Let $X$ and $Y$ be two independent and exponentially distributed random variables with parameter $\lambda$.
Let $U := \frac{X}{X + Y}$.
Find the density function $f_U$ of $U$.
So we basically know: $$f_X(x) = \lambda e^{-\lambda x}\\ f_Y(y) = \lambda e^{-\lambda y} $$
But I really have no clue how to find $f_{\frac{X}{X+Y}}(u)$.
Does anyone have some ideas and could help me?
Use the CDF method. The support of $U$ is in $(0, 1)$ since you're dividing a positive random variable $X$ by a larger positive random variable $X+Y$, so let $u \in (0, 1)$. Then
$$\mathbb{P}(U \leq u) = \mathbb{P}\left(\dfrac{X}{X+Y} \leq u\right) = \mathbb{P}\left(\dfrac{1-u}{u}\cdot X \leq Y\right)\text{.}$$
Since $u \in (0, 1)$, then $\dfrac{1-u}{u}\cdot X$ will be a positively-sloped line in the $X$-$Y$ plane:
and $$\mathbb{P}\left(\dfrac{1-u}{u}\cdot X \leq Y\right) = \int_{0}^{\infty}\int_{(1-u)x/u}^{\infty}f_{X, Y}(x, y)\text{ d}y\text{ d}x\text{.}$$ By independence, $$f_{X, Y}(x, y) = \lambda^2e^{-\lambda x}e^{-\lambda y}$$ for $x, y > 0$. Hence, $$\begin{align} \int_{0}^{\infty}\int_{(1-u)x/u}^{\infty}f_{X, Y}(x, y)\text{ d}y\text{ d}x &= \lambda\int_{0}^{\infty}e^{-\lambda x}e^{-\lambda (1-u)x/u}\text{ d}x \\ &= \lambda\int_{0}^{\infty}e^{-\lambda x/u}\text{ d}x \\ &= \lambda \cdot \dfrac{u}{\lambda} \\ &= u\text{.} \end{align}$$ There are several shortcuts that I used above that you should be able to identify.
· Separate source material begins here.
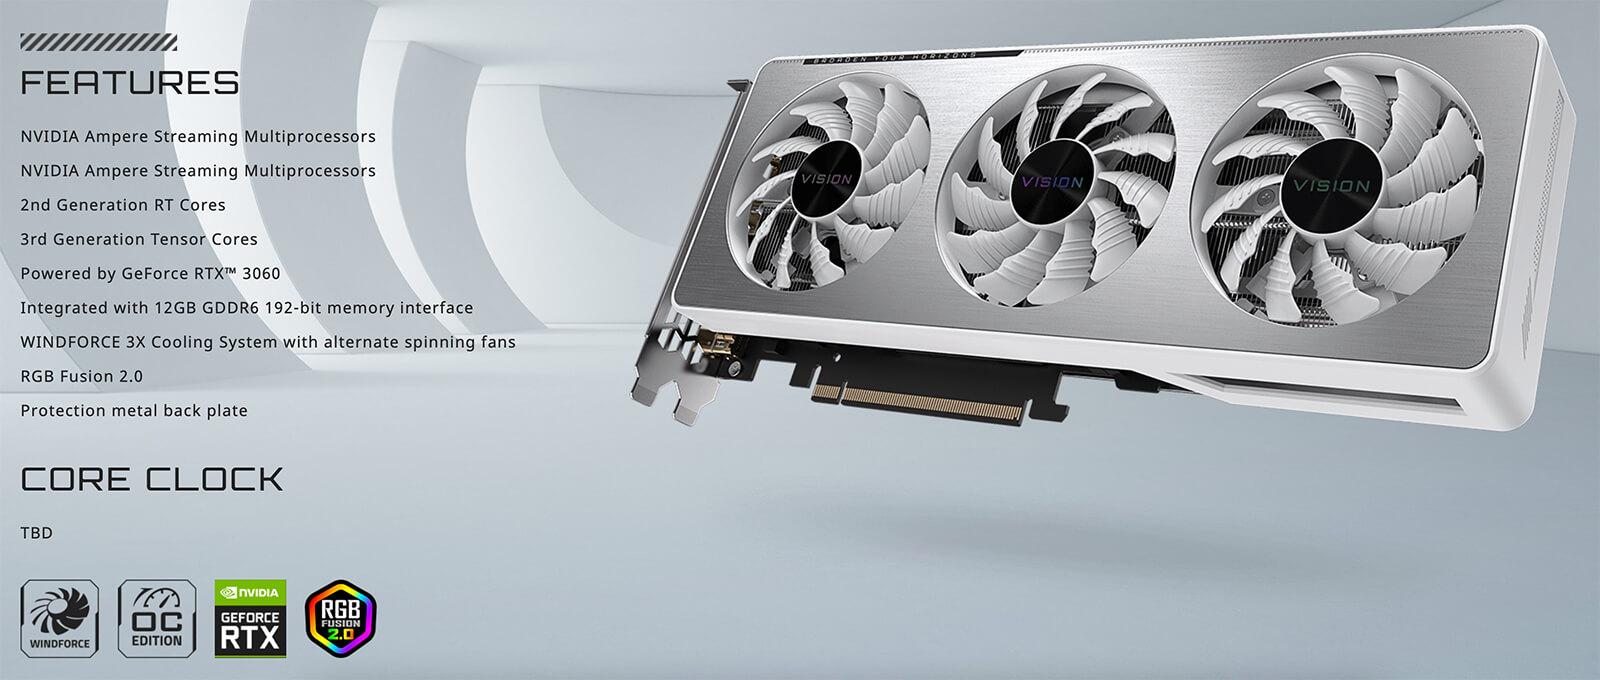 Gigabyte Geforce Rtx™ 3060 Vision Oc 12g Features
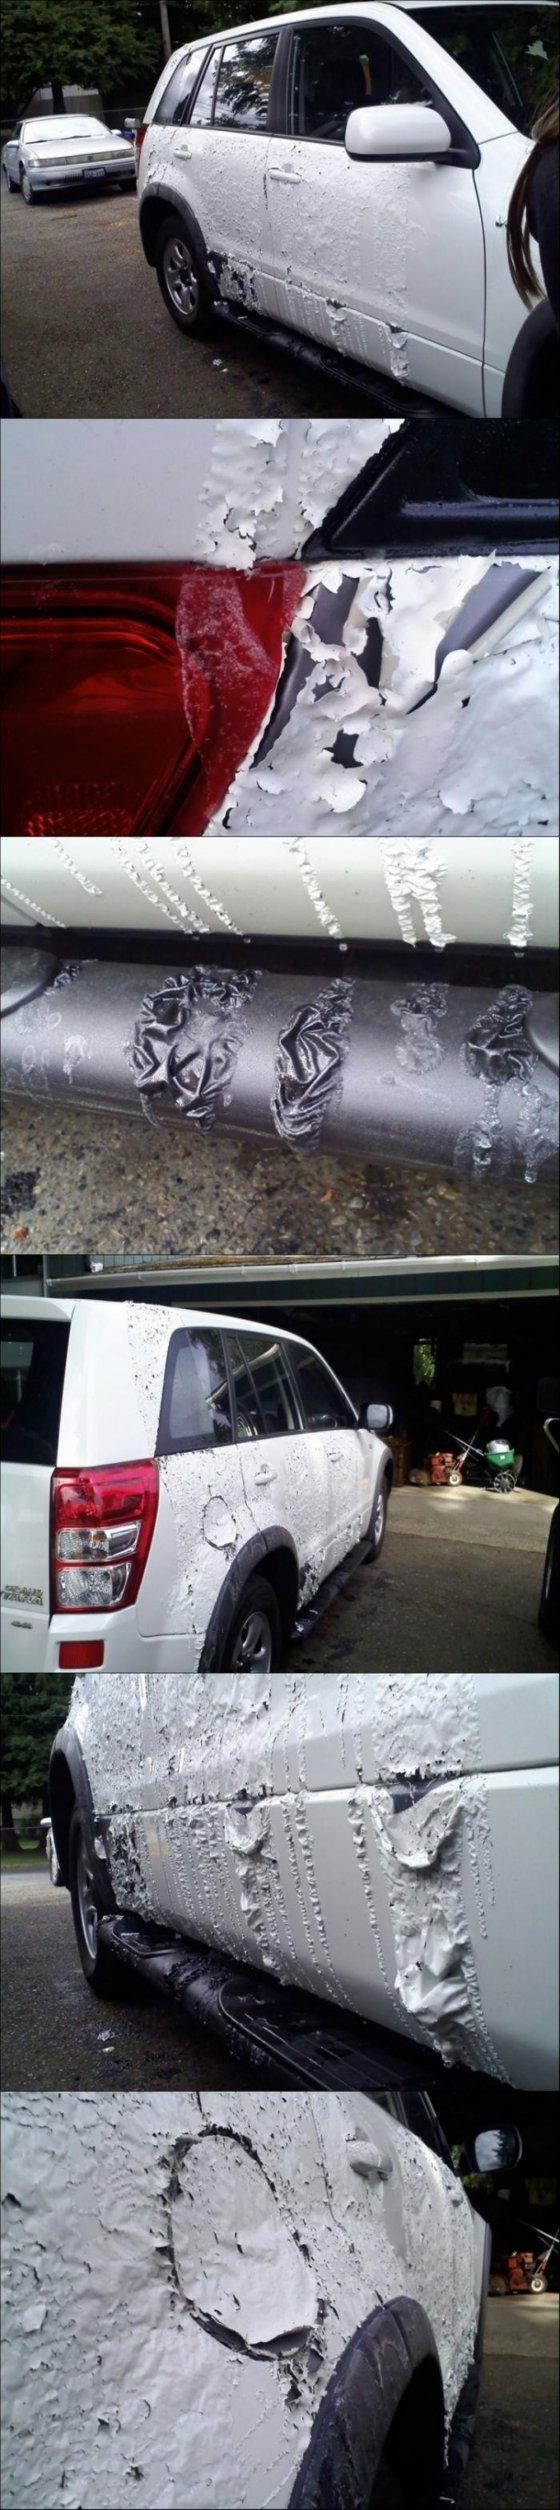 """Suzuki Grand Vitara""–ს პატრონის მუდმივი აბეზარი საქციელის გამო მეზობლებმა მანქანას მჟავა გადაასხეს."

If you don't understand how I got from one step to the next, please let me know. Take the derivative of this with respect to $u$ to get $$f_{U}(u) = \begin{cases} 1, & u \in (0, 1) \\ 0, & \text{otherwise.} \end{cases}$$ Hence, $U$ is uniform in $(0, 1)$.